PhD.Dissertation Defense:Fetiye Esin Yakın
THE COMPARATIVE STUDY ON THE EFFECT OF PROCESS PARAMETERS, THERMAL ENVIRONMENTS, AND THICKNESS VARIATIONS IN THE MANUFACTURING OF THERMOSET COMPOSITES BY VARIOUS FIBER ORIENTATIONS UTILIZATION OF AFP PROCESS
Fetiye Esin YAKIN
Manufacturing Engineering, PhD Dissertation, 2024
Thesis Jury
Assoc. Prof. Hatice Sinem ŞAŞ ÇAYCI (Thesis Advisor), Prof.Mehmet YILDIZ, Prof. Murat SÖZER, Assoc. Prof. Volkan ESKİZEYBEK, Assoc. Prof. Bekir DIZMAN
Date & Time: 20th December, 2024 – 16.00 PM
Place: FENSL058
Zoom link: https://sabanciuniv.zoom.us/j/6938110217?omn=92895581011
Keywords : Automated Fiber Placement Method, Thermoset Based Composite Laminations, Thermal Fluctuation Environment, Ply-Drop Lay-ups, Mechanical Performance
Abstract
Carbon fiber-reinforced polymer composites (CFRPCs) exhibit exceptional stiffness-to-weight ratios and outstanding load-carrying capacities under diverse operational conditions, making them indispensable in aerospace applications for decades. Automated Fiber Placement (AFP) is a cutting-edge manufacturing technique employed to fabricate high-quality composite components with precise fiber orientations and minimal material waste. One of the primary advantages of AFP is its capability to tailor the mechanical behavior of composite materials through strategic adjustments in fiber orientation and laminate thickness.

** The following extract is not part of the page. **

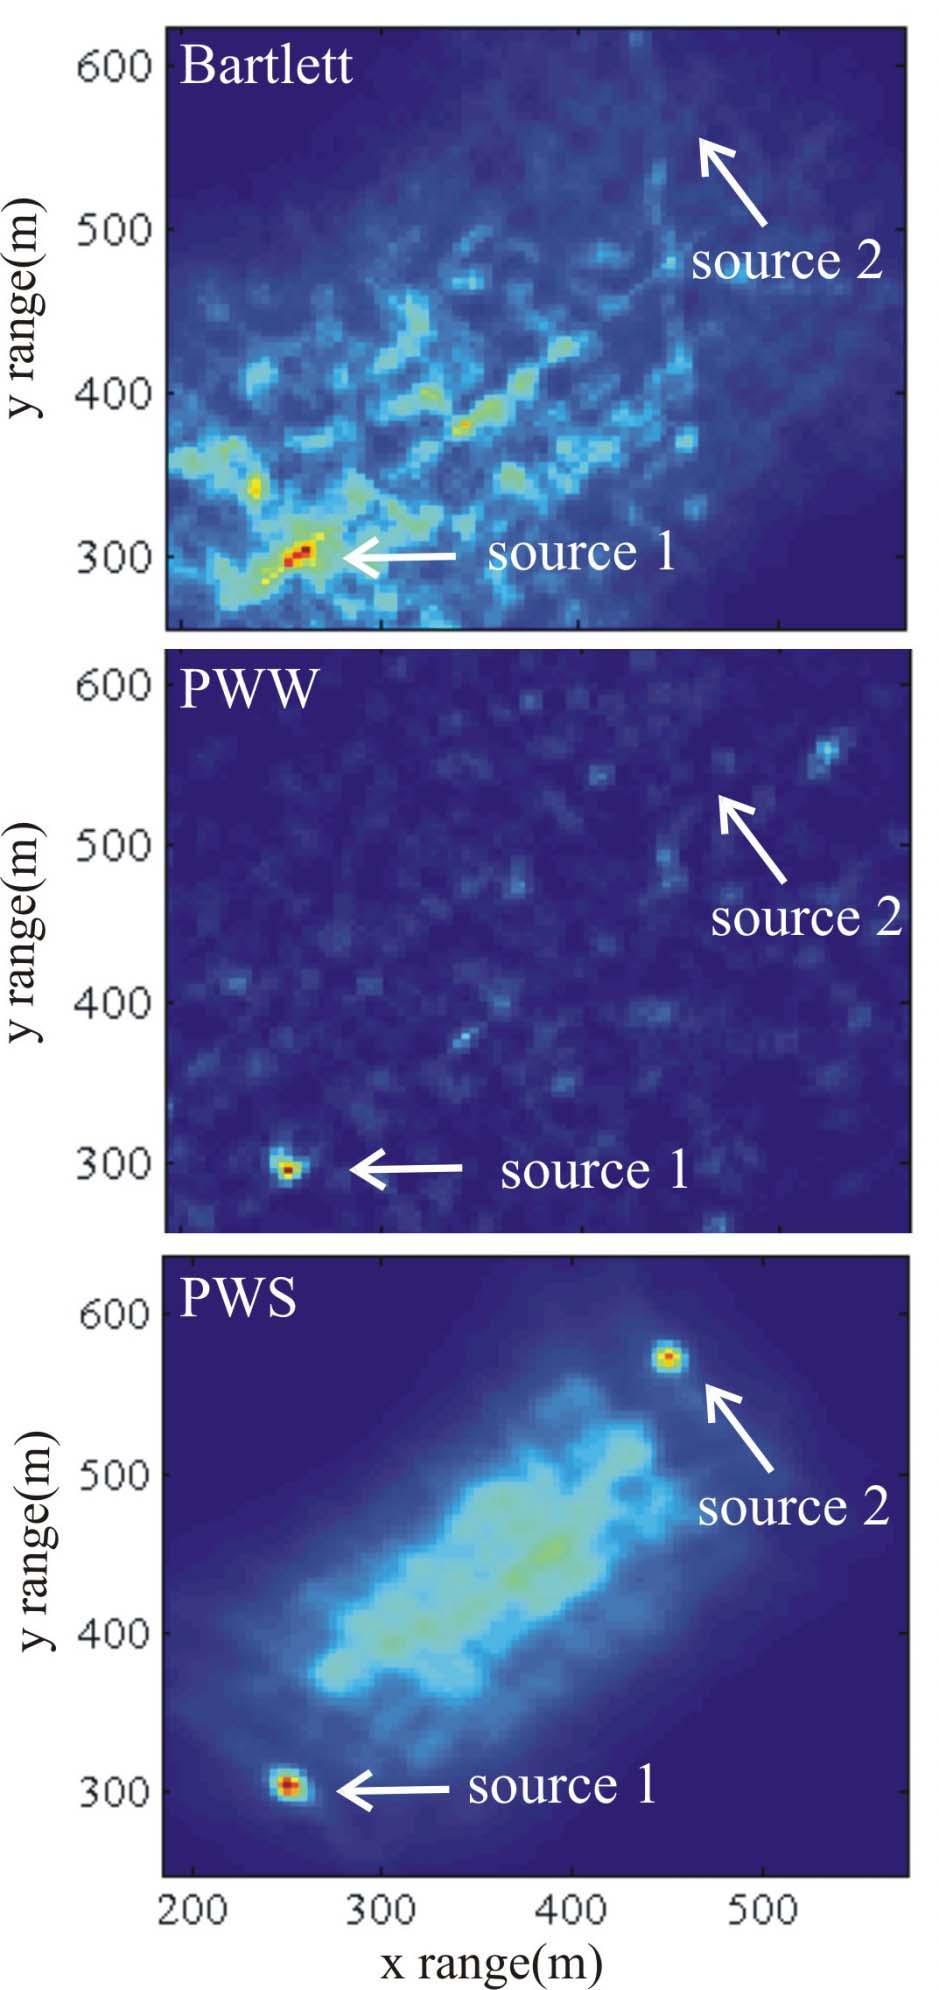 Figure 5. Ambiguity surfaces created using the Bartlett (top), PWW (middle), and PWS (bottom) processors. Data was simulated for two sources, four receivers, and signal-tonoise ratio of 0 db.

This thesis focuses on the effect of consolidation force, a critical process parameter, on the mechanical and fracture performance of composite laminations produced using AFP. The thesis first investigates the influence of consolidation force variations on the mechanical properties, fracture performance, and damage mechanisms of various stacking sequence laminations under room temperature (RT) conditions. Subsequently, the thesis examines the static, dynamic, and fracture behavior of AFP-produced laminations with different consolidation forces under thermal cycling (TC) environments, simulating fluctuating operational conditions. By comparing RT and TC environments, the findings reveal that thermal cycling enhances the mechanical and fracture behaviors of specific stacking sequences, attributed to the tailored effects of consolidation force. Furthermore, the thesis evaluates the impact of thickness variations on the mechanical performance and damage mechanisms of stacking sequences fabricated via AFP. In conclusion, this research demonstrates that consolidation force is a pivotal process parameter in optimizing the mechanical and fracture properties of composite laminations with varied stacking sequences. The insights provided by the thesis contribute to the advancement of AFP technology for producing reliable, high-performance composite materials under diverse environmental and thickness variation conditions.